From a price action perspective – one of the more pronounced themes throughout this year caught another shot-in-the-arm last week; as U.S. Dollar bears took-over after another test of resistance. This happened even while the Fed hiked rates again, bringing the total to five rate hikes in the past two years.

U.S. Dollar via ‘DXY’ Eight-Hour Chart: Resistance Hold Through Last Week’s Rate Hike

Euro Strength, USD Weakness Remain Primary FX Themes as 2018 Nears

Chart prepared by James Stanley

The big question as we move into 2018 is whether this year’s weakness was a correction in a bigger-picture, longer-term theme; or whether this is the start of a chain of weakness that can run into and perhaps even through next year.

On the side of USD-weakness running through next year: We’d basically be looking for European growth to continue to the point where the ECB is able to more aggressively taper stimulus, but this likely wouldn’t take place until the second half of next year as we near the end of the current stimulus program in September.

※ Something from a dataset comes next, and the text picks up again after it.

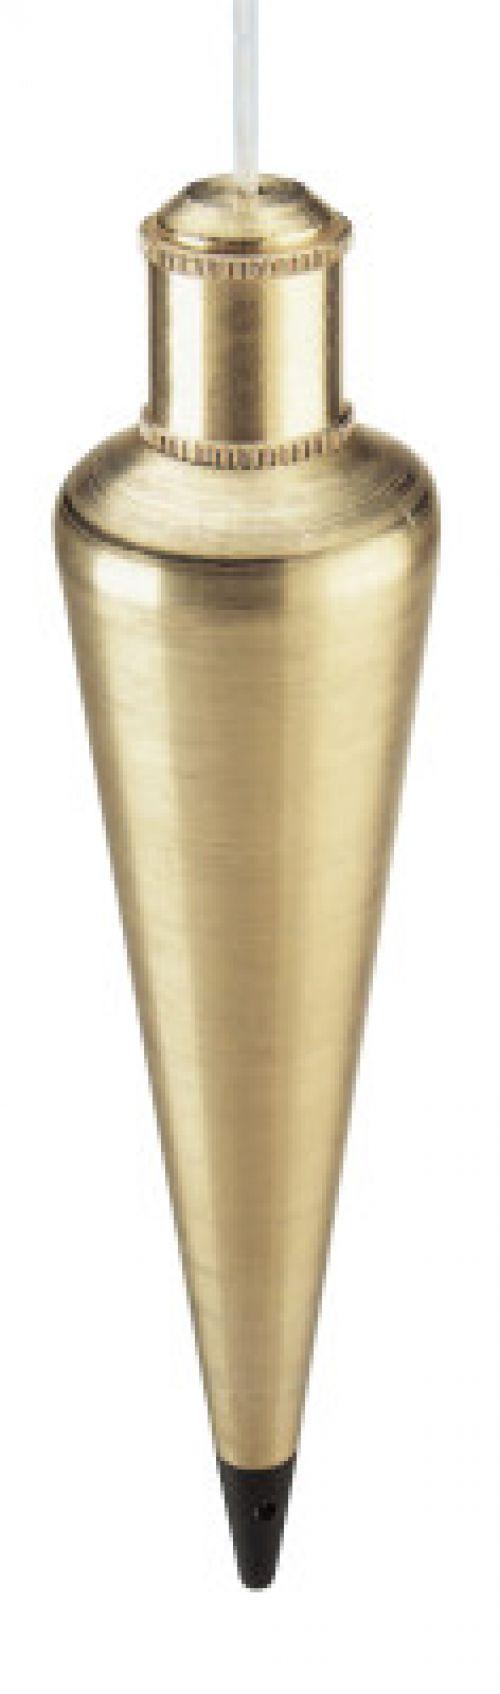 EMPIRE LEVEL Plumb Bobs, 12 oz, Corrosion Resistant Steel/Brass,

So, we’d basically be looking more for market anticipation than any actual news out of the ECB. This was the big driver in both Euro and U.S. Dollar trends throughout this year, as European growth continued in a rather consistent manner to the point where the bloc appears to have grown faster than that of the U.S. The U.S., meanwhile, has now seen five rate hikes in the past two years, and the ECB remains ‘pedal-to-the-floor’ on the stimulus front. If we are going to see global growth continue in the manner in which we’ve seen in 2017, the ECB may have some catching up to do, and this can equate to further Euro gains next year as markets prepare for a stimulus exit and eventually higher rates out of the ECB.